Посол Франции Палеолог, подвижный как ртуть, показался ему довольно
поверхностным человеком. Однако данная им русскому народу характеристика
заслуживала, с точки зрения лорда, самой благоприятной оценки.
- На какую точку зрения ни стать, - говорил Палеолог на завтраке в
своем посольстве, - политическую, философскую, нравственную, религиозную, -
русский человек предстает всегда парадоксальным явлением чрезмерной
покорности, соединенной с сильнейшим духом возмущения. Русский мужик
известен своим терпением и фатализмом, своим добродушием и пассивностью, он
иногда поразительно прекрасен в своей кротости и покорности. Но вдруг он
переходит к протесту и бунту. И тогда его неистовство доходит до ужасных
преступлений и жестокой мести, до пароксизма преступности и дикости.
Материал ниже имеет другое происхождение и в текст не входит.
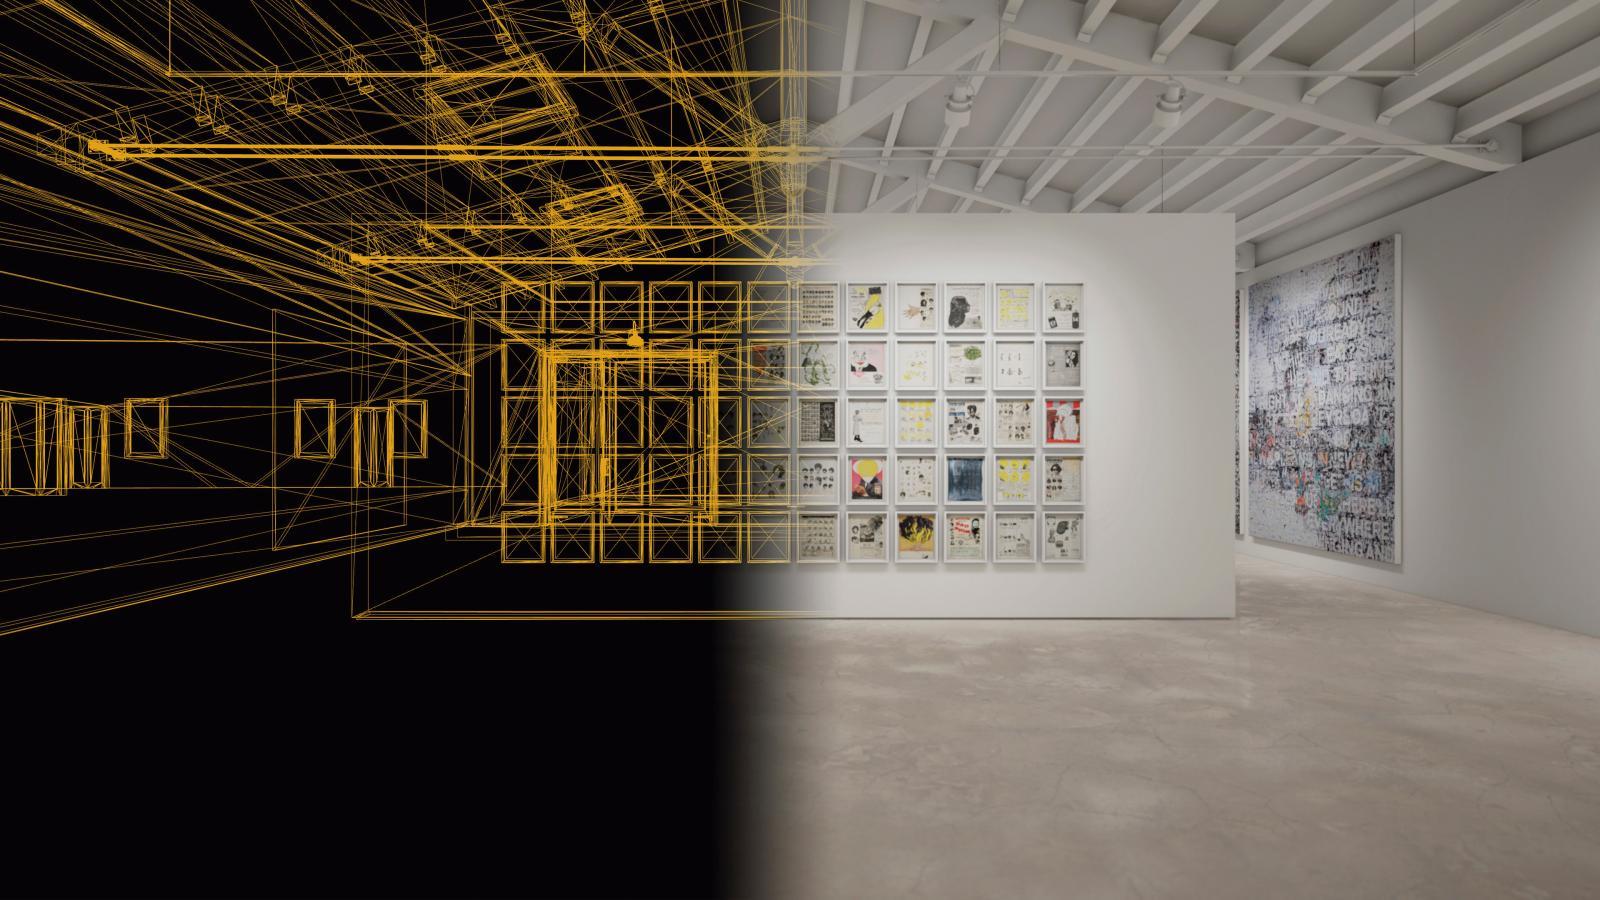 ArtLab, vue de l'installation d'Ellen Gallagher(née en 1965), DeLuxe, 2004-2005, et Mark Bradford(né en 1961), Chicago, 2019, en HWVR. C

Я не знаю, - выразительно закатывал глаза Палеолог, - ни одной страны,
где семейная жизнь была бы серьезнее, патриархальнее, более наполнена
нежностью и привязанностью, более окружена интимной поэзией и уважением, как
у русских; где семейные тяготы и обязанности принимаются легче; где с
большим терпением переносят стеснения, лишения, неприятности и мелочи
повседневной жизни. Зато ни в одной другой стране индивидуальные возмущения
не бывают так часты, не разражаются так внезапно и так шумно. Хроника
светских скандалов и романтических преступлений изобилует поразительными
примерами. Нет излишества, на которые не были бы способны русский мужчина
или русская женщина, если они решили "утвердить свою свободную личность"...
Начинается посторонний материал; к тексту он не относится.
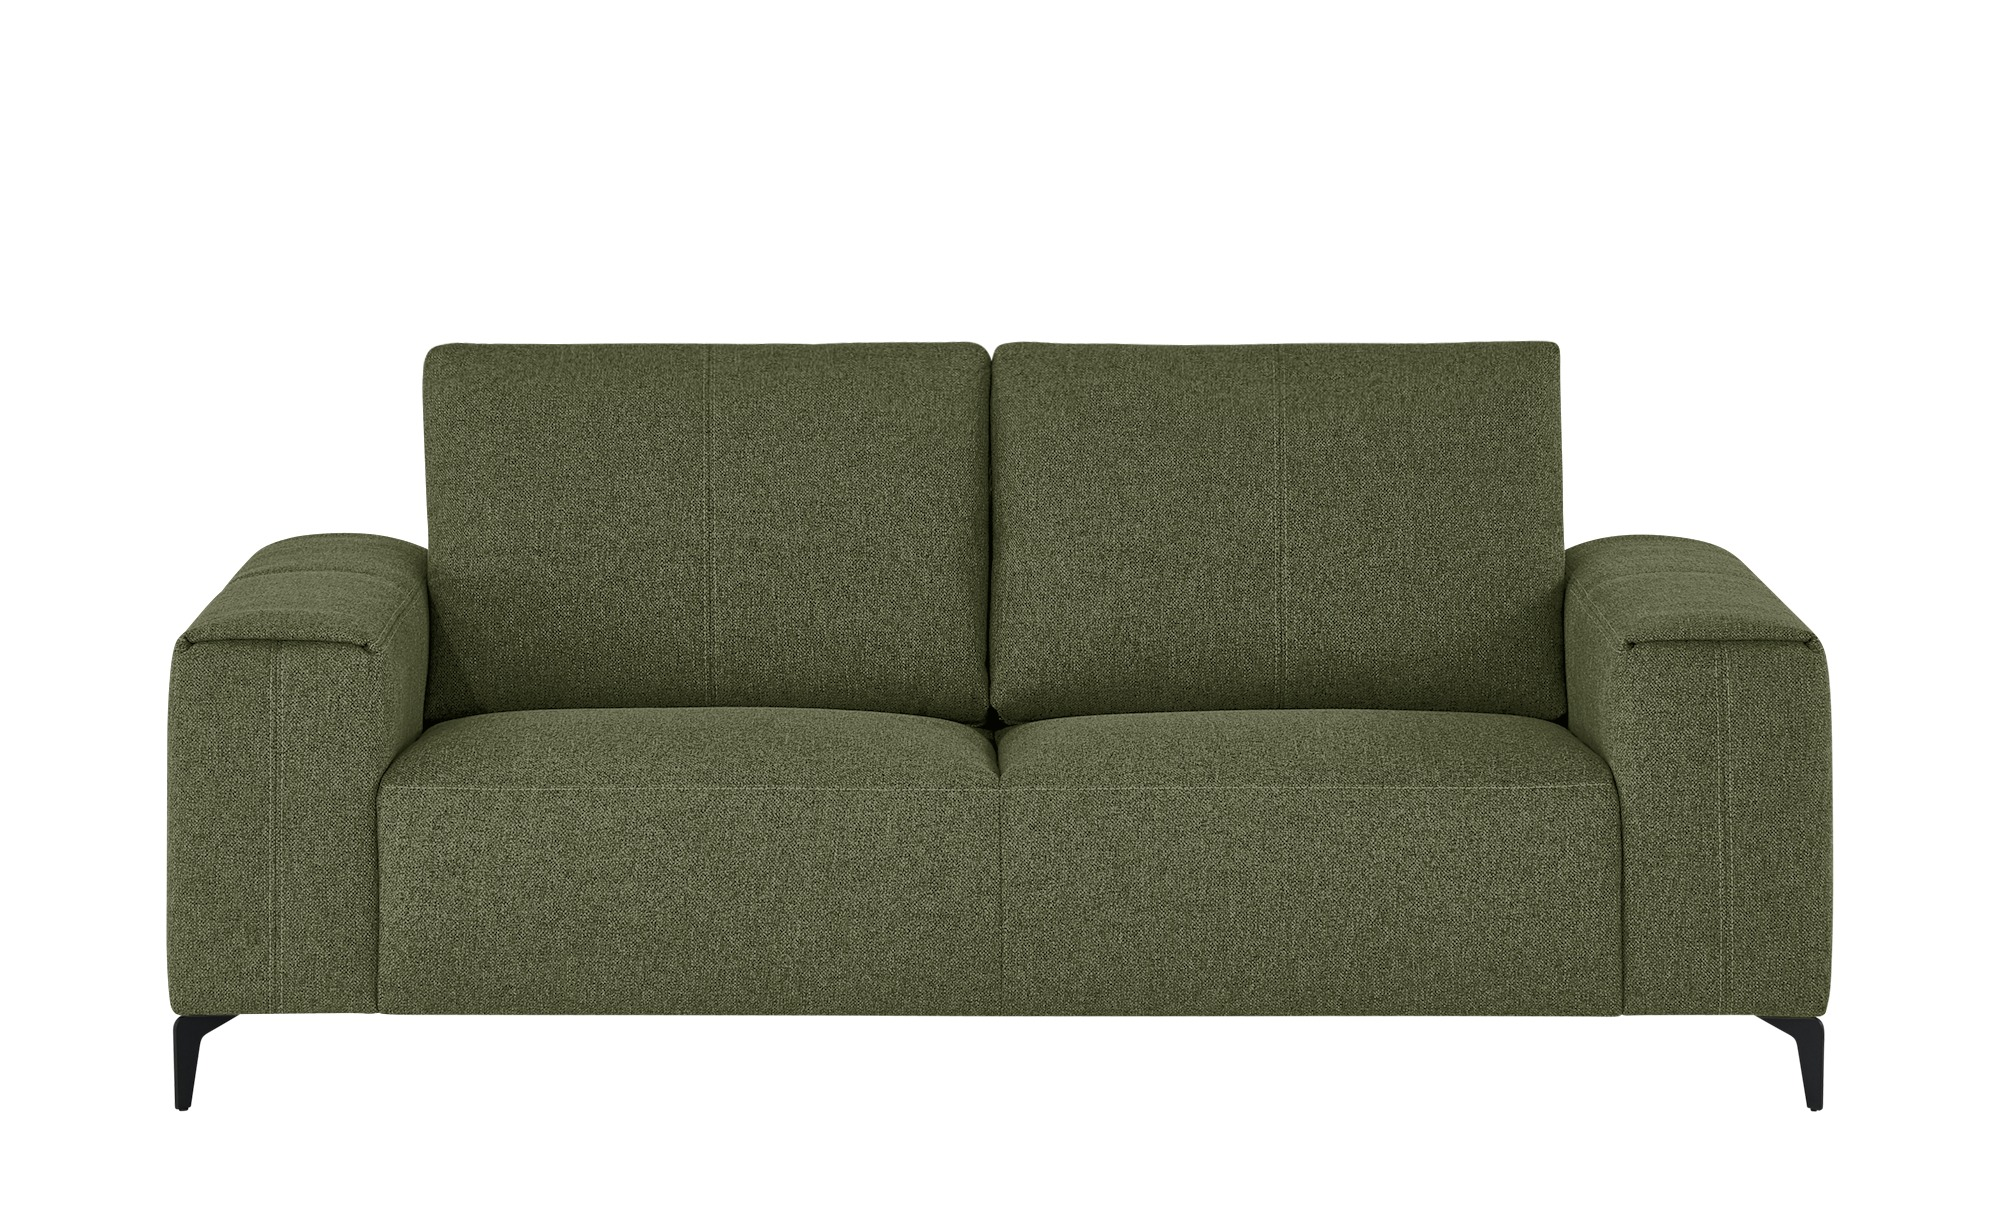 smart Sofa  Gabriela ¦ grün ¦ Maße (cm): B: 202 H: 90 T: 91 Polstermöbel > Sofas > 2-Sitzer - Höffner

Лорд улыбнулся воспоминаниям. Во всяком случае, он почерпнул из беседы
с Палеологом больше, чем с собственным послом, хилым и немощным Бьюкененом.
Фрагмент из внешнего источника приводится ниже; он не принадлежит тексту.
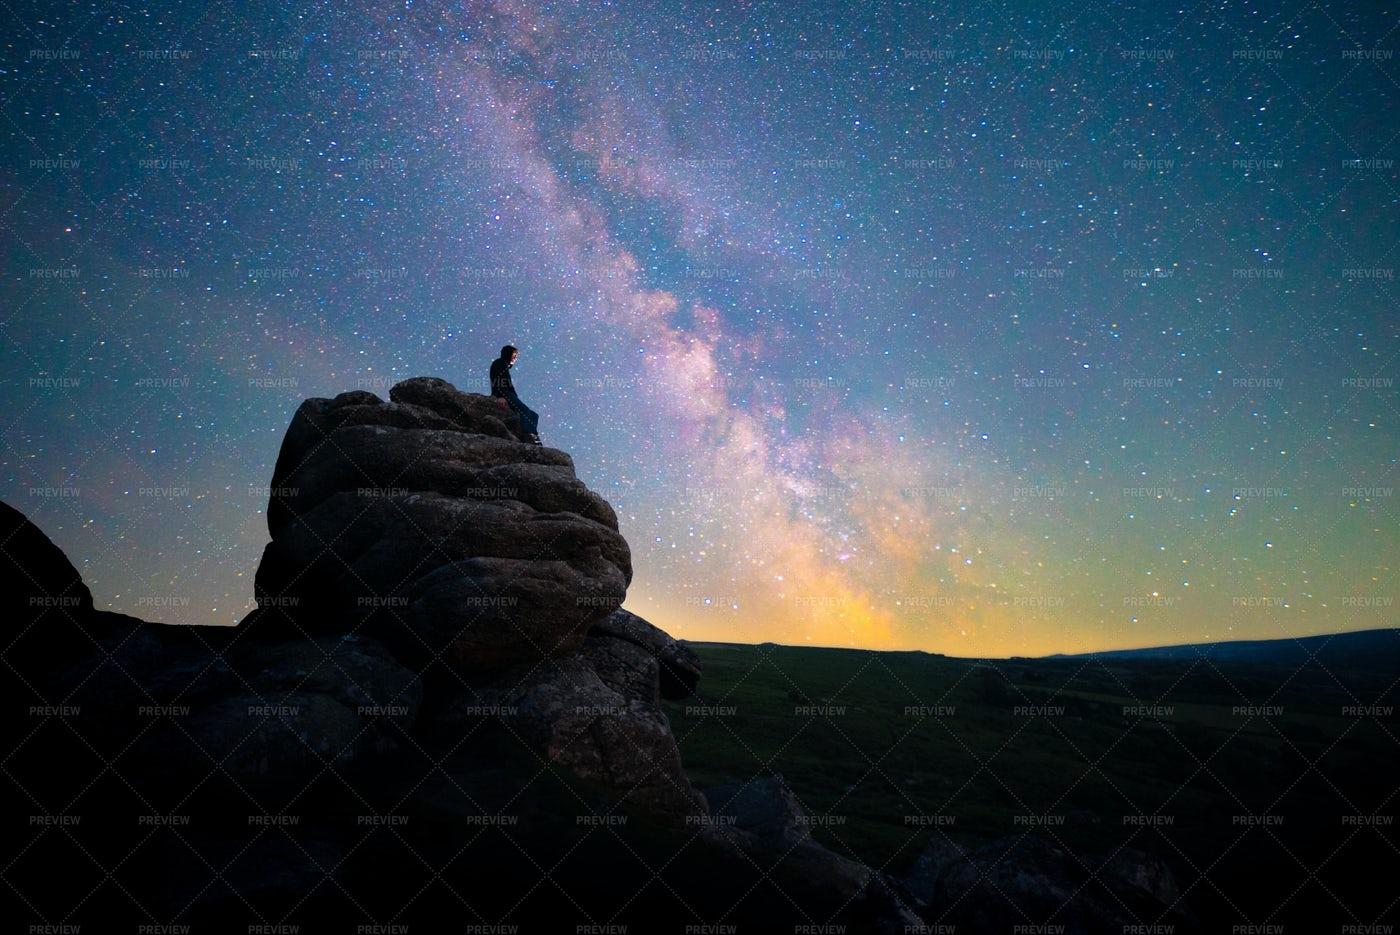 Stargazing The Milky Way: Stock Photos

Оценки Палеолога он и взял на вооружение. С этим инструментом Мильнер
подходил теперь к каждой русской душе, в том числе и к душе Николая
Романова.
Сэр Альфред вспомнил две свои встречи с российским самодержцем. Вся
манера царя, его нежелание вести серьезную беседу о серьезных вещах поразили
в самое сердце гордого лорда. Он намеревался очень серьезно поговорить с
Николаем, намекнуть, что если верховный главнокомандующий России не станет
выполнять пожеланий британского посла, то Лондон вынужден будет теснее
сойтись с оппозицией и оказывать ей внимание... Но условия пока не позволяли
провести откровенную беседу. Подумать только! Его, главного британского
делегата, министра его королевского величества, царь даже не удостоил еще
личной встречи. Тридцать первого января, в жуткую рань - в одиннадцать часов
утра - он принял за городом, в Александровском дворце, скопом всех
делегатов, причем послы, а не главы делегаций были по протоколу поставлены
впереди полукруга. А российский самодержец не удостоил их ничем, кроме
банальных вопросов: "Вы хорошо доехали?", "Вы не слишком устали?", "Вы в
первый раз в России?" Подумать только, царь совершенно не оказывает внимания
ему, лорду и графу Британской империи, получившему свой титул за великие
заслуги.
Не только у него, главы британской делегации, но и у Думерга, Шалойя и
всех других гостей осталось одно разочарование от визита к русскому двору и
его хозяину... "Черт побери, - зло чертыхался капризный лорд. - А на
парадном обеде четвертого февраля?! Ведь вся торжественность выражалась лишь
в пышных ливреях, ярком освещении и серебре! Меню было прескверное,
совершенно буржуазное - где тут знаменитая кухня русских бар?! Министр двора
граф Фредерикс, самое доверенное лицо императора, как говорят - совершенный
маразматик. Сидя рядом, он доказывал мне, что его род не германский, а
происходит от померанских шведов - все равно он не кто иной, как
прибалтийский барон... А чего стоят его заявления, что конференция должна
была прийти к согласию насчет того, чтобы союзники после войны взаимно
оказывали друг другу помощь в случае внутренних беспорядков, сообща боролись
с революцией?! Этот старый дуралей не ушел, оказывается, дальше Священного
союза, заключенного сто лет назад на Венском конгрессе. Воистину он отстал
на целое столетие! И что это за обед, на котором хозяин говорит всего по
нескольку любезных слов гостям и совершенно не желает решать никакие
вопросы, ради которых делегаты пересекли бурный океан.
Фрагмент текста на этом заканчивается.